The activists urged that the new law be made ‘gender neutral’, with a greater emphasis on counselling as in the West. They said misuse of the new law would affect women too and would bring minor differences in a marriage to a point of no return.

‘It is a great law to get even with in-laws,’ said one woman who spoke on condition of anonymity. ‘Or if you want to marry some rich guy and then get rid of him.’

Others said the provisions of the domestic violence law were too expansive.

‘A significant flaw in this law is that it lends itself to such easy misuse that women will find it hard to resist the temptation to ‘teach a lesson’ to their male relatives and will file frivolous cases,’ said Avinash Gupta, an India American.

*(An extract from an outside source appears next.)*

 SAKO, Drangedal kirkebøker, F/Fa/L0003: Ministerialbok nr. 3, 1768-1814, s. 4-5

‘A similar trend has been shown in the anti-dowry law, which is being misused to such an extent that the Supreme Court (in India) has termed it ‘legal terrorism’.

‘There are three fundamental problems with this new law,’ said Gupta. ‘It is overwhelmingly gender biased in favour of women, the potential for misuse is astounding, and the definition of domestic violence is too expansive.’

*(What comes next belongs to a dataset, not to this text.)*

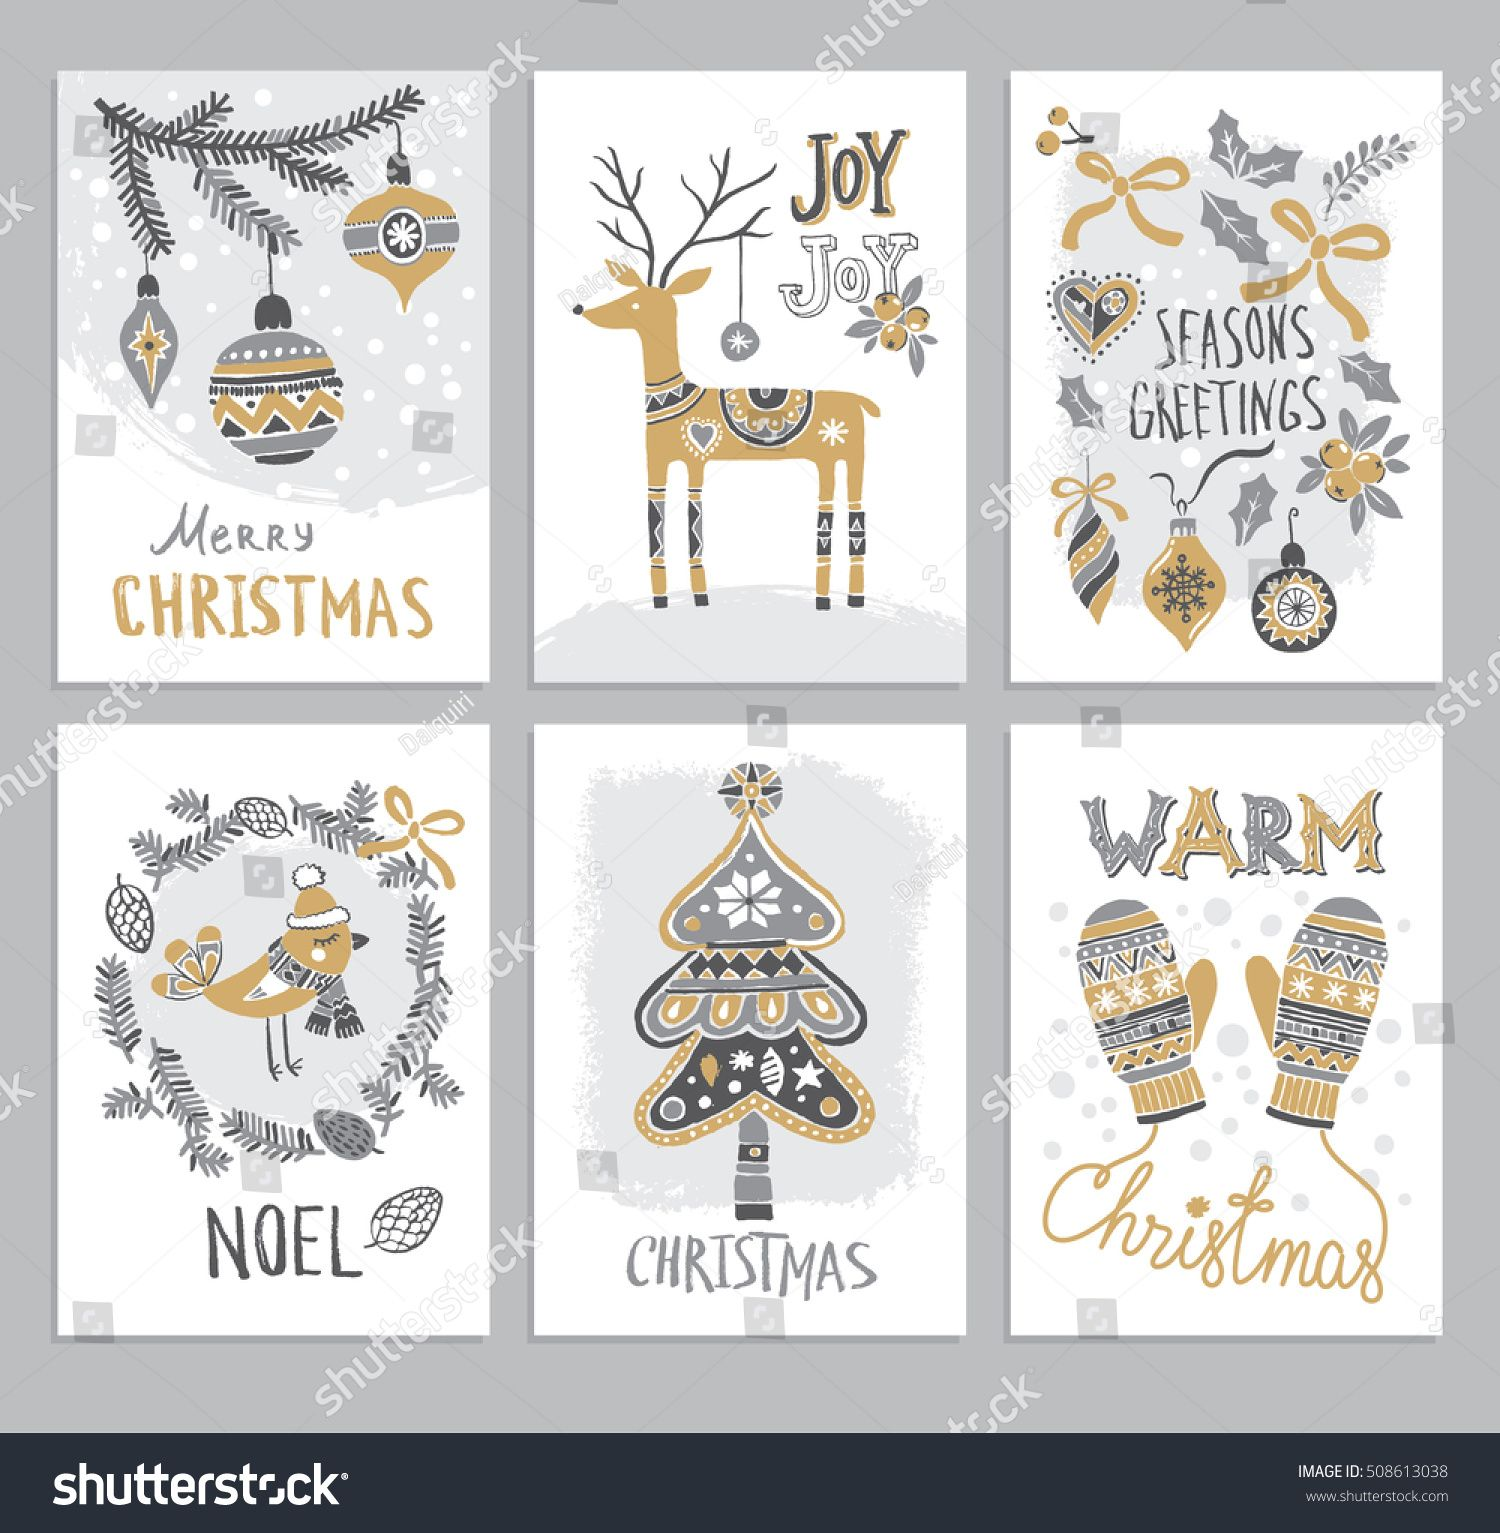 Christmas Hand Drawn Cards With Christmas Tree, Fir Branch, Deer,

Gupta advocated the enactment of a ‘domestic harmony’ law instead.

‘It (the new law) makes it very easy to escalate domestic problems to such a level that it eventually leads to a breakdown in marriage. Once a man is arrested for a relatively minor offence - like perceived insult - he will perpetually feel threatened by his partner, and that is the beginning of the end. This law will lead to more broken homes and children will ultimately pay the price.

‘Going by the domestic violence law’s definition of abuse, how many men are victims? After all, nagging wives are common enough,’ said Gupta.

Some of the most vociferous opposition to the new law is from women, some of whom have been victims of cases filed under 498a.

‘If a man cannot put up with a woman, he cannot throw a fit, that would be abuse. Under the new law, a woman can have it both ways. A woman who wants to stay in the marriage or opt out of it - irrespective of the husband’s wishes - can leverage the law,’ said Uma Challa, a doctoral student.

‘Given the corruption in the Indian legal system, especially among police personnel, the outcome will not be what the lawmakers desired,’ said Dipak, another Indian American.

‘The police will use the law to harass or enter into money making deals with either party,’ he said.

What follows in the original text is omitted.